_Aim of the exercise_:
The answer must consist solely of the lines from the one with "シャネル(Chanel) シャネル 長財布" through the last line of the data, copied exactly, with no pictures.

_Available data_:

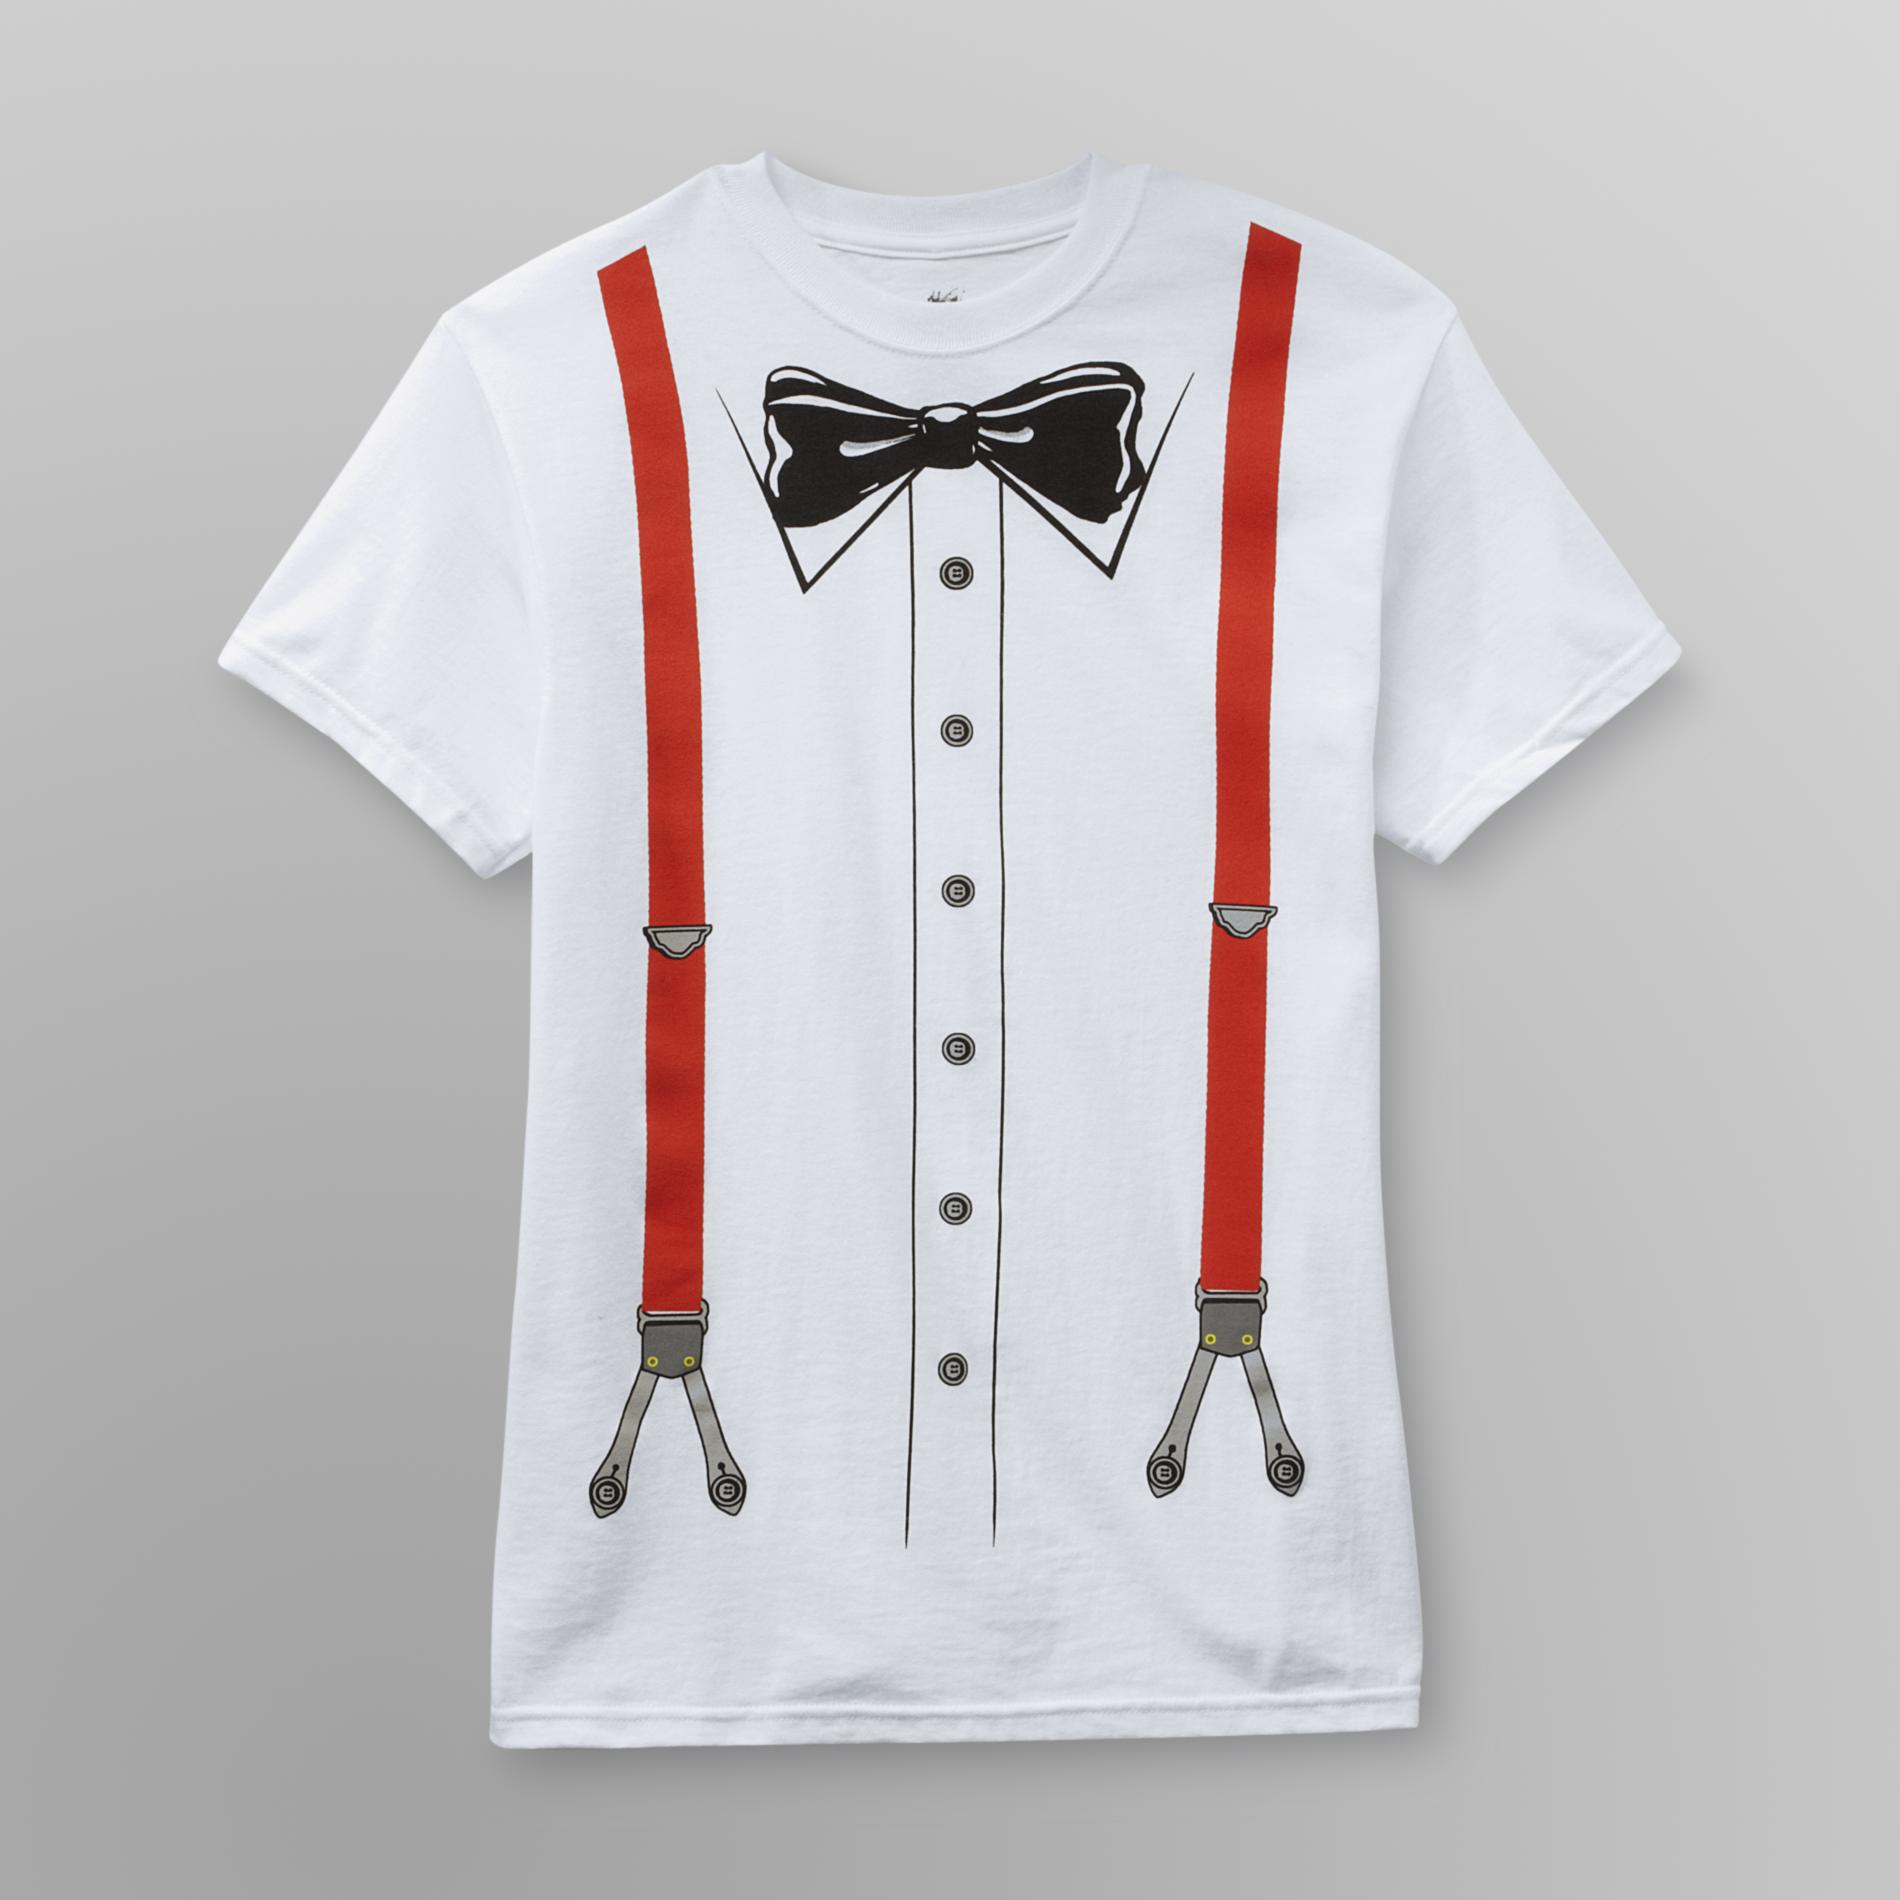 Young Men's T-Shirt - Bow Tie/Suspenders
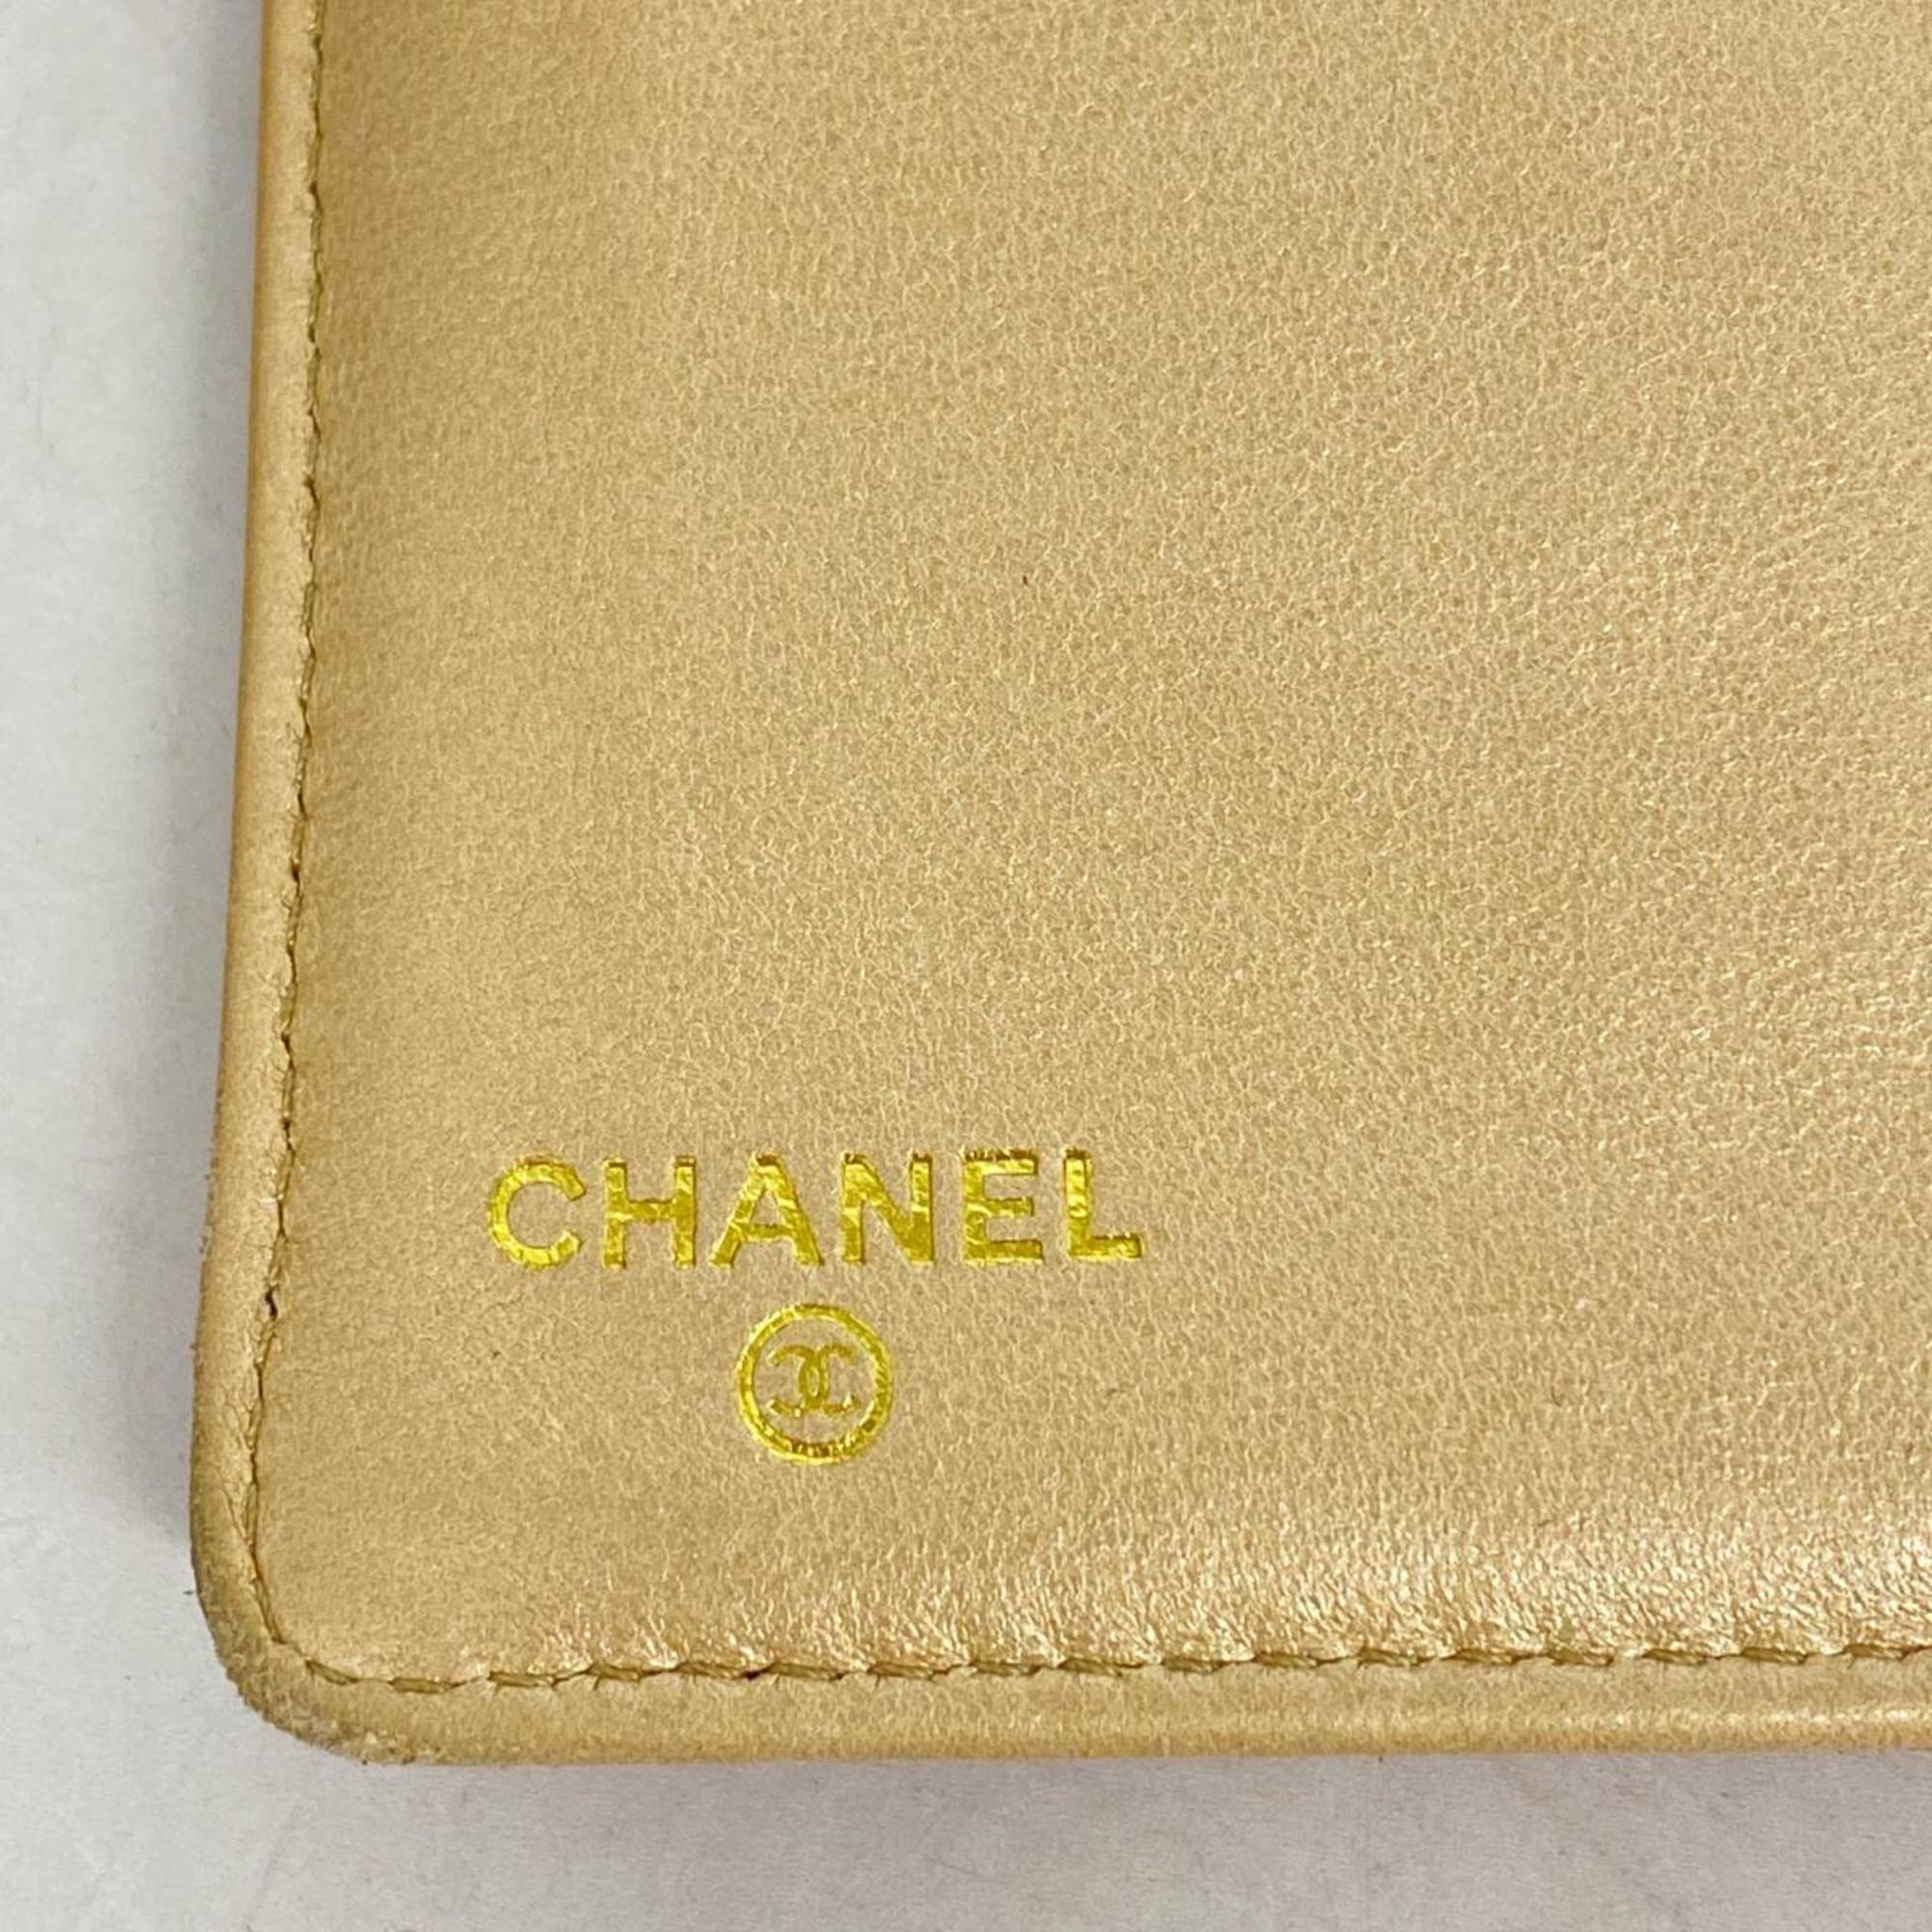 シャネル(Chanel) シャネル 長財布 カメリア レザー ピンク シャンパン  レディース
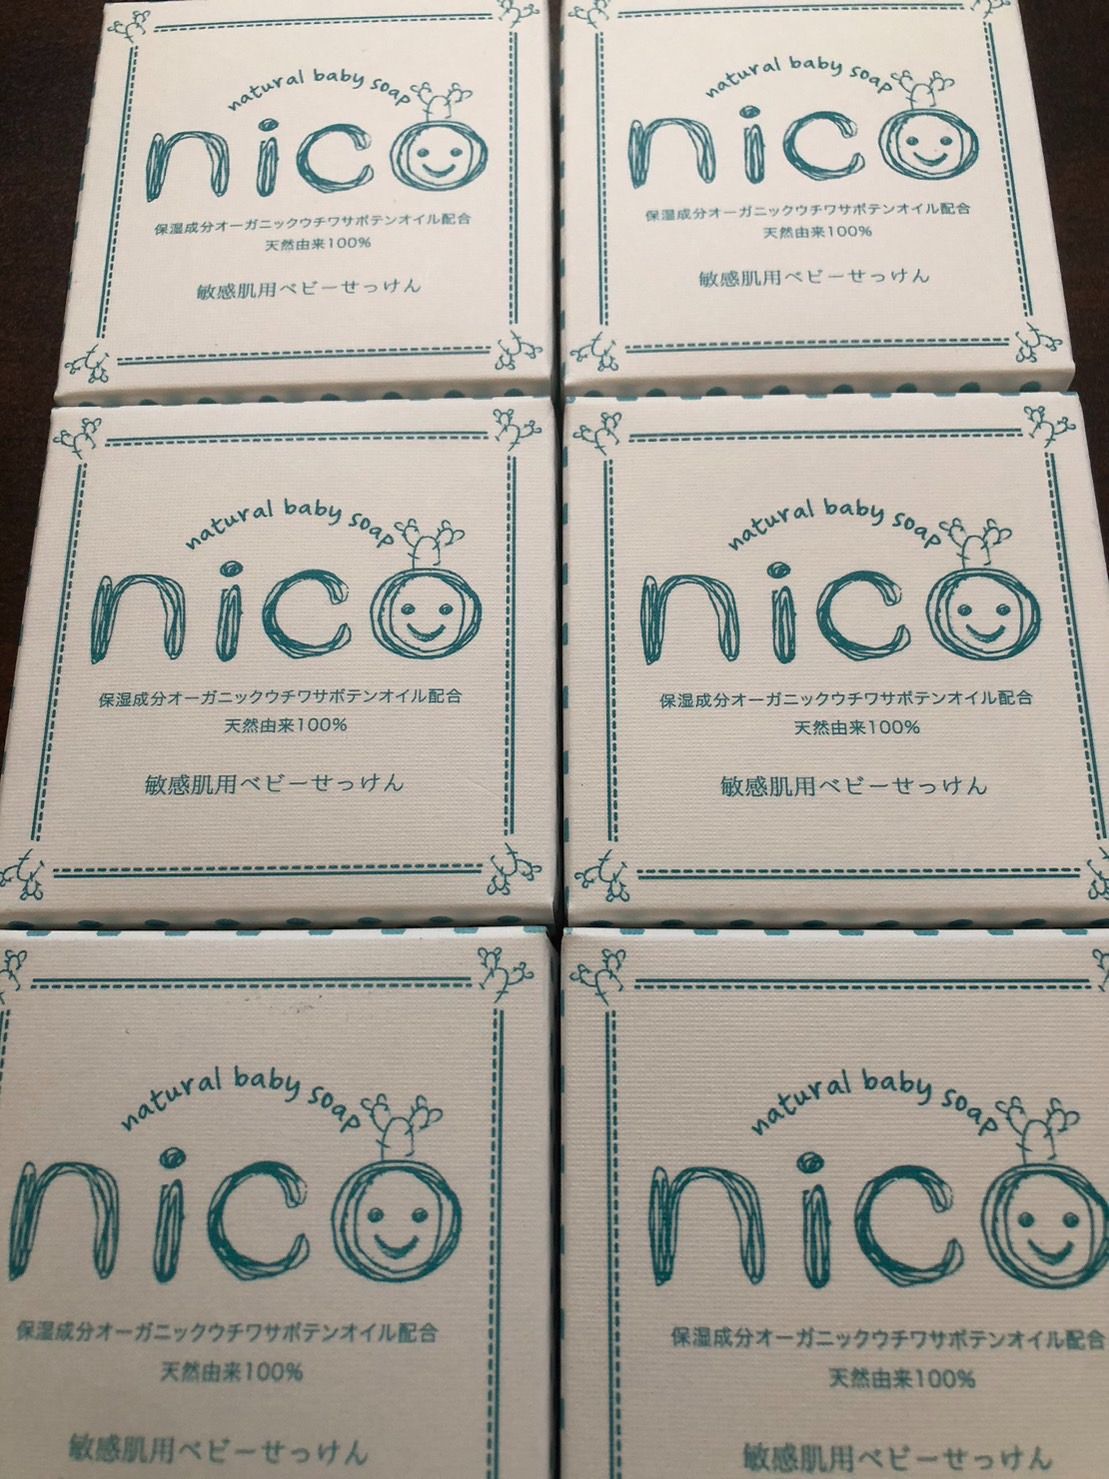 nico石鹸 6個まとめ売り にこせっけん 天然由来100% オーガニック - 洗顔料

_Answer_:
 シャネル(Chanel) シャネル 長財布 カメリア レザー ピンク シャンパン  レディース
 nico石鹸 6個まとめ売り にこせっけん 天然由来100% オーガニック - 洗顔料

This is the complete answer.